**Instructions to follow**
Leave out every picture and set down, exactly, the lines below from the one holding "Dark Wash Maurices Jeans- 5/6 Short" up to and including the one holding "Anobel Copenhagen - Straw".

**Extracted records**
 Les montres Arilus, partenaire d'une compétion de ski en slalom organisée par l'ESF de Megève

--

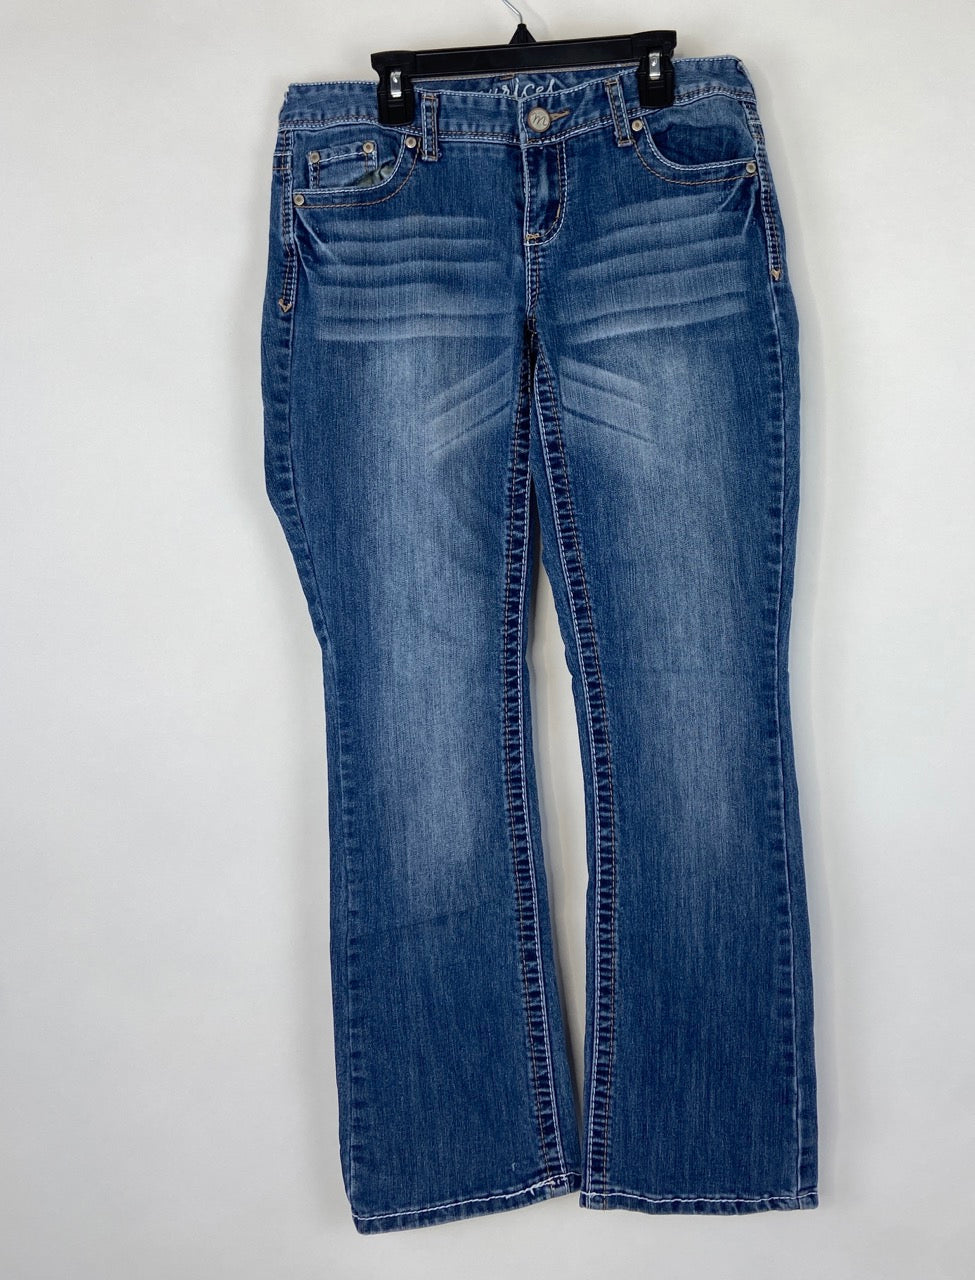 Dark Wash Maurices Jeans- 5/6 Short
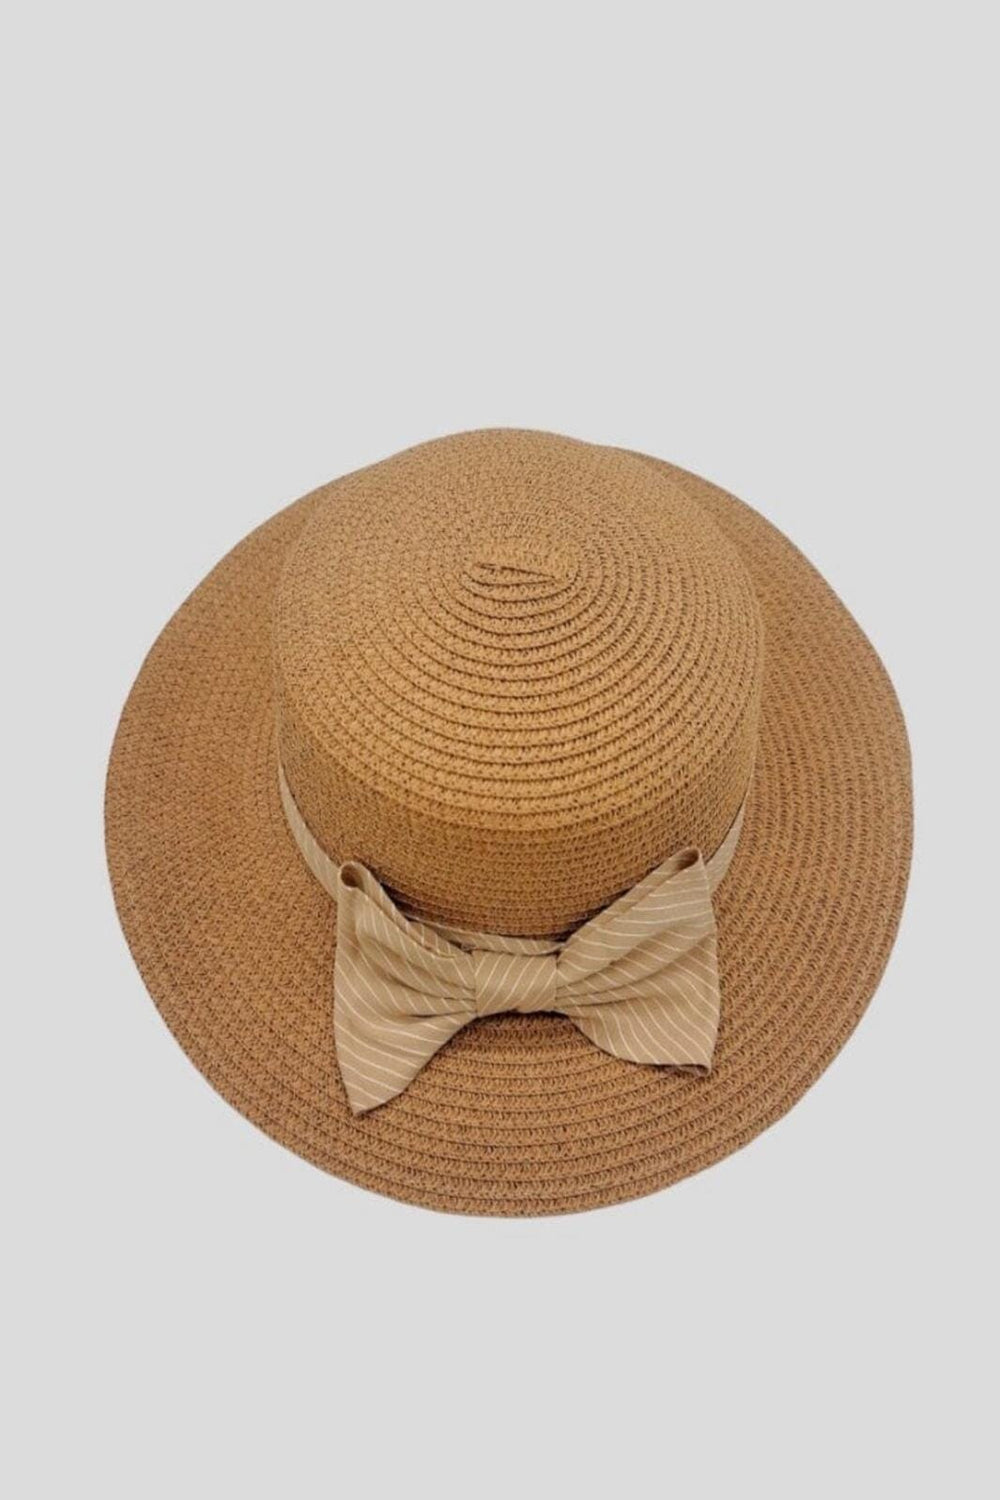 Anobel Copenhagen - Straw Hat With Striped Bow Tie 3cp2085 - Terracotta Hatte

**Solution**
 Dark Wash Maurices Jeans- 5/6 Short
 Anobel Copenhagen - Straw Hat With Striped Bow Tie 3cp2085 - Terracotta Hatte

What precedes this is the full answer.